If we review the development history of IT architecture, we can roughly divide it into several eras: the era of traditional centralized mainframes, the client/server (CS) era dominated by PCs, the Internet era, the cloud computing and big data era, and now the Internet+ era characterized by deep integration of Internet technology and traditional industries. Below, we briefly introduce the situation of each era.
In the centralized mainframe era, the emphasis was on the capabilities of single machines and vertical scalability. To better improve resource utilization, various virtualization technologies at all levels, including CPU time-sharing systems, memory virtualization, and computing virtualization, emerged during the mainframe era.
In the 1960s, American computer scientist John McCarthy, who first proposed the concept of artificial intelligence, introduced the concept of utility computing, predicting that computing could one day be provided as a public service like water and electricity. This is the cloud computing concept we are familiar with today.
The centralized management of mainframes and the virtualization technologies that emerged from them gave birth to the earliest concepts of cloud computing. However, with the popularization of information technology, mainframes could no longer meet the increasingly diversified and widespread demands for information processing in terms of cost, openness, and scalability.

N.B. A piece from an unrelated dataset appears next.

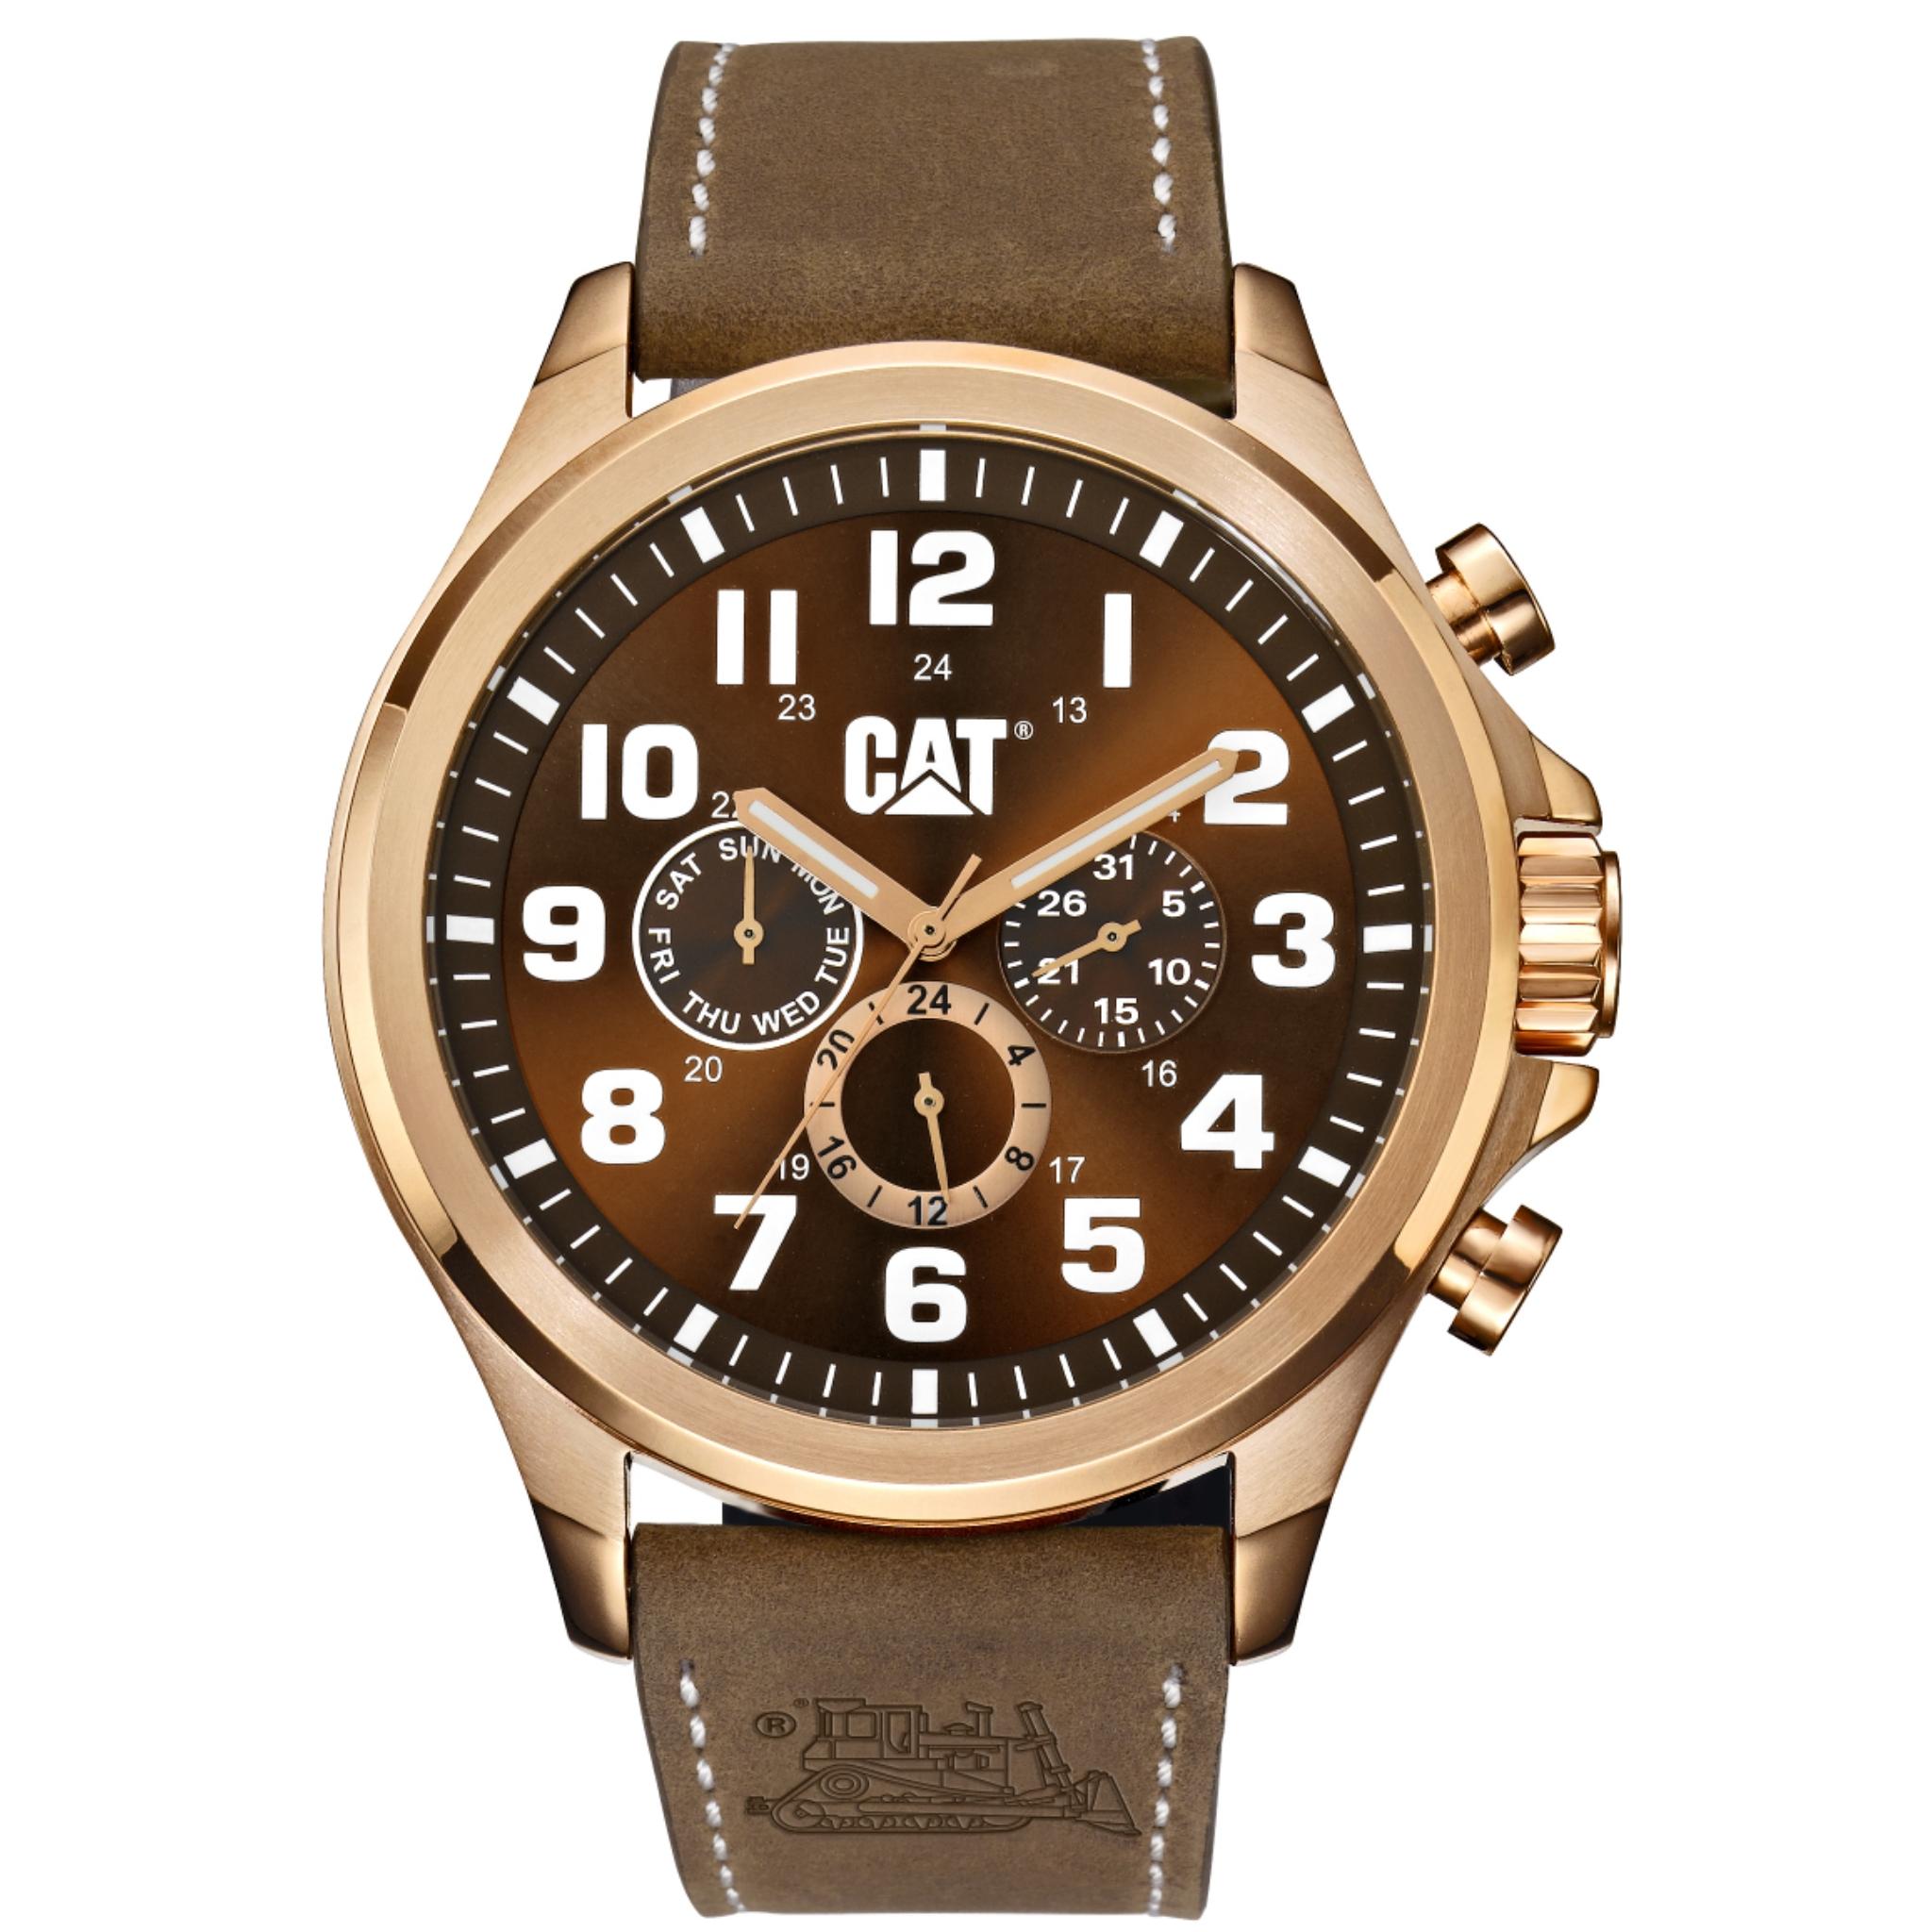 ساعت مچی عقربه ای مردانه کاترپیلار مدل PU.199.35.919

The Arrival of the Open Era#
In the 1970s, with the emergence of the UNIX operating system and the C programming language, the ideas of openness and interconnectivity began to take root, bringing a glimmer of hope to the development of IT architecture. Additionally, the demand for communication between mainframes and terminals, as well as communication between mainframes, spurred the development of networking technologies. During this process, Ethernet technology and TCP/IP technology were successively born. Particularly in 1981, the International Organization for Standardization (ISO) proposed the basic reference model for open systems interconnection (OSI/RM), which is the famous OSI seven-layer architecture, laying the foundation for transparent communication between different applications on different systems.

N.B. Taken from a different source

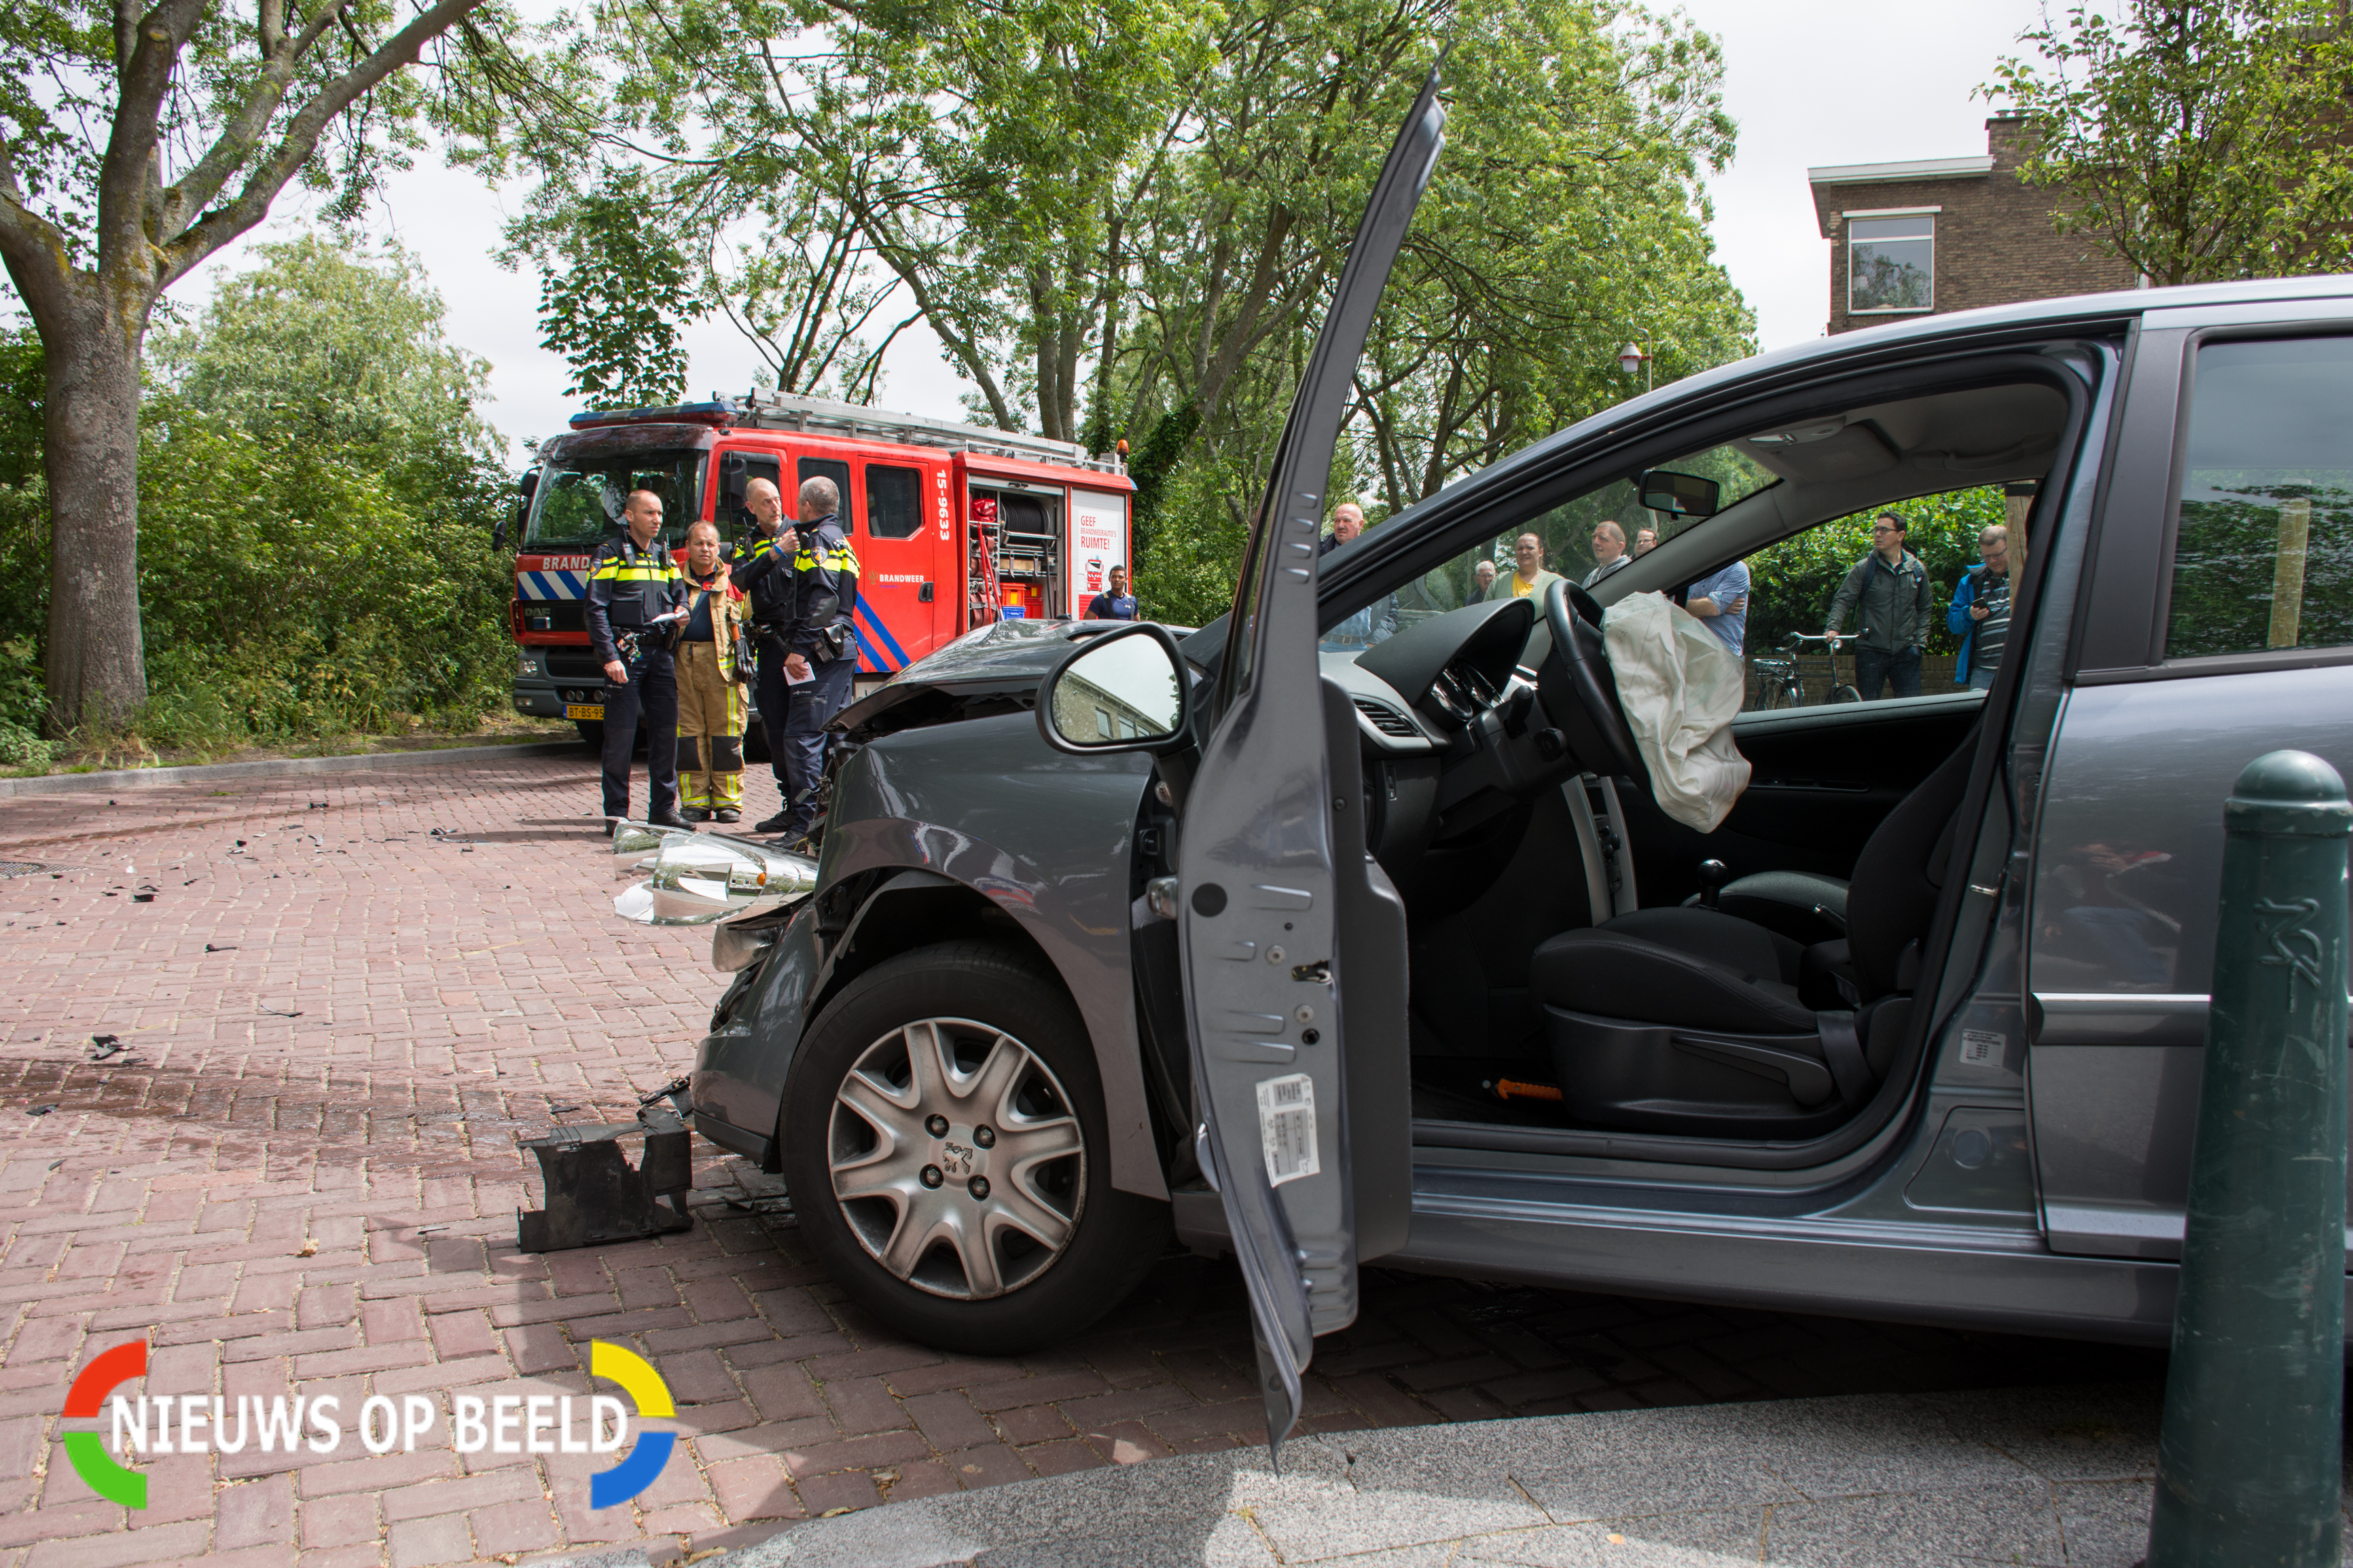 3a478aba78e6b9 Ravage na ongeval uit onverwachte hoek – Nieuws op Beeld – Altijd ...

Client/Server (CS) Distributed Era#
By the 1980s, the demand for personal computing led to the arrival of the PC era. With the proliferation of PCs, the demand for local area networking grew increasingly. The development of local area networks gave rise to the client/server (CS) distributed architecture. The client/server architecture essentially redistributes some of the workloads originally handled by centralized hosts to run on clients, alleviating the burden on the host and enhancing the overall system's parallel processing capabilities. This is akin to performing parallel computations on multiple small computers based on the von Neumann architecture to replace serial computations on a centralized mainframe without altering each computer's von Neumann architecture.
An important characteristic of distributed architecture is that computation and storage are distributed across multiple nodes in the network, with software controlling the distribution of tasks and execution scheduling, allowing tasks to be executed in parallel across multiple nodes while providing an interface environment for upper-layer applications to access remote nodes as if they were local systems. Early remote procedure calls (RPC), distributed computing environments (DCE), and common object request brokers (CORBA) were all distributed frameworks. These distributed frameworks emphasize the distribution of computation, and the scope of distribution is also within the enterprise's intranet.
The first distributed storage system was the distributed file system File Access Listener (FAL) developed by DEC in the 1970s. SUN released the first widely used distributed file system, NFS, in 1985. Subsequently, systems like AFS, KFS, DFS, IBM's GPFS, and SUN's Lustre emerged like mushrooms after rain.
The change brought about by distributed architecture not only saves costs but also improves efficiency, bringing computation closer to customers, rather than requiring customers to submit computational tasks at terminals connected to mainframes as in the past.
The Internet Era#
By the 1990s, the Internet began to gain popularity. The Internet broke through the limitations of local area networks, allowing computation to transcend the constraints of time and space. The CS architecture gradually transitioned to the BS architecture (Browser-Server). The BS architecture unified clients into browsers, enabling applications to run in any platform environment. During this period, the primary focus of IT architecture was on openness and portability, as IT system resources were extremely valuable, and there was a desire for applications to be developed once and run on all IT systems. This concept gave rise to Java, a highly portable high-level programming language.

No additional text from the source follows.